LG’s differentiated approach extends its existing substrate and packaging business through Innotek while leveraging partners like UTI, a precision glass-processing specialist supplying reinforced cover glass to major smartphone OEMs. The recently announced R&D partnership combines UTI’s thin, durable glass with LG’s substrate expertise. LG Innotek’s CTO group has designated glass substrate and glass interposer development as flagship programs alongside chip-embedding substrates.

Glass substrates are not expected to replace organic substrates broadly in the near term. Analysts position glass as a high-margin, high-performance niche initially focused on ultra-high-end AI and data center parts, with broader adoption closer to 2030 as costs decline and the ecosystem matures.

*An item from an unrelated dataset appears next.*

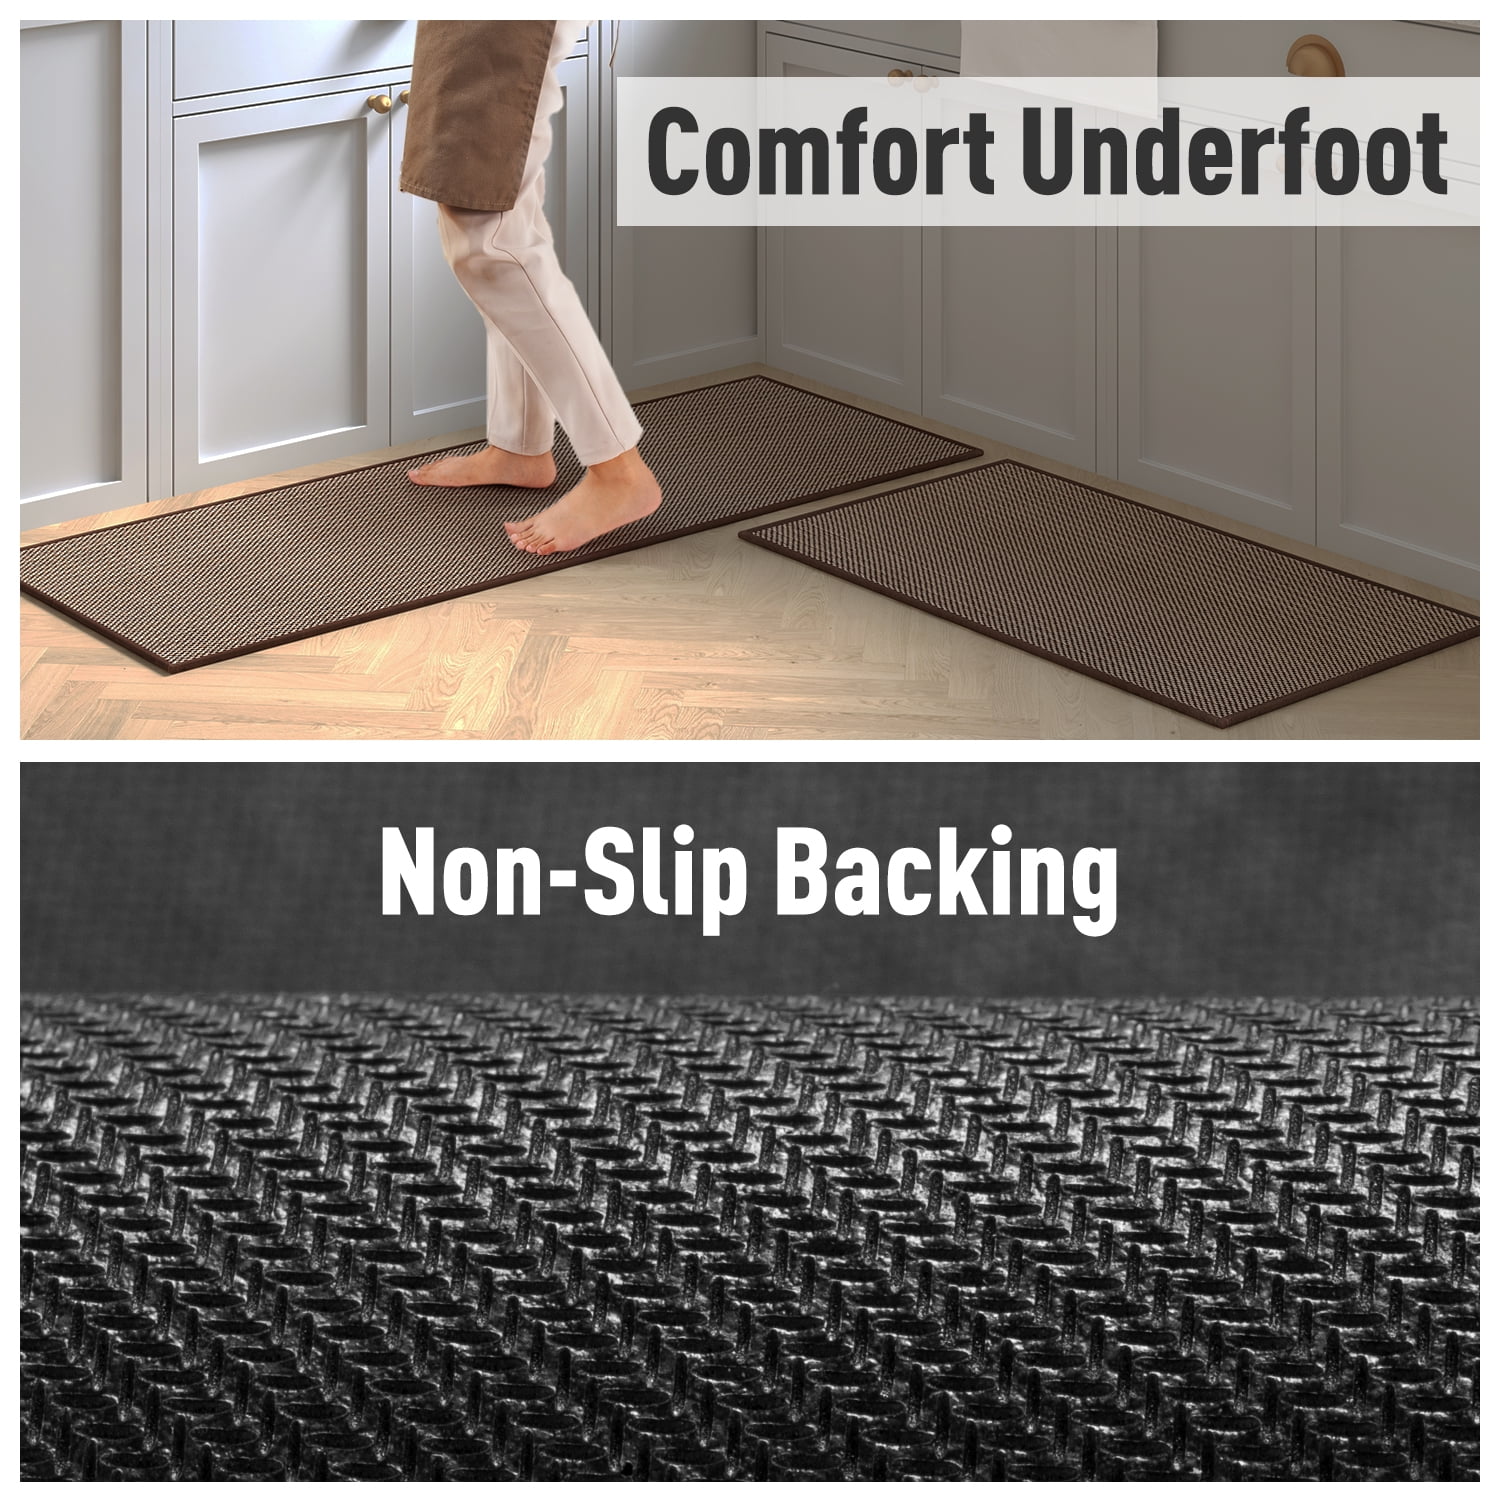 Sanmadrola Kitchen Runner Rugs and Mats 0.75'' Extra Thick Anti Fatigue  20''x47'' Waterproof Non Slip Heavy Duty Cushioned Standing Rugs and Mats  for Kitchen House Sink Office Black

SK’s Absolics began commercial shipments in 2024–2025. TSMC and others plan panel-level glass packaging, including chip-on-panel-on-substrate architectures using 310mm square glass panels, with shipments targeted around 2028. LG Innotek’s pilot line focuses on glass core substrate processes, with stated plans to move into FC-BGA products once reliability and manufacturability targets are met.

A future AI accelerator configuration might place compute dies, HBM memory, and networking chiplets on a large glass interposer with ultra-dense wiring and potentially integrated silicon photonics, with LG Innotek providing the glass interposer panel and LG Display contributing panel-level manufacturing expertise.

For Korean display ecosystem participants, including panel makers, glass suppliers like Corning Korea and Nippon Electric Glass, domestic glass processors, and equipment vendors, the glass interposer opportunity offers a path to smooth earnings cyclicality from TV and IT panel markets by selling high-margin glass into AI and HPC packaging.

Korean panel makers Samsung Display and LG Display already exited large LCD production and shifted to OLED, which uses less display glass per area than LCD. Current glass price volatility affects Chinese LCD makers more directly than Korean firms. The glass interposer push is less about changing today’s panel capacity or pricing dynamics than about diversifying the broader LG Group into semiconductor packaging where display-adjacent expertise creates competitive advantage.

Over time, capital expenditure and engineering talent inside Korean display firms may tilt increasingly toward glass-related materials and substrates businesses, including for chips, even as panel fabs themselves stay focused on OLED and premium display formats.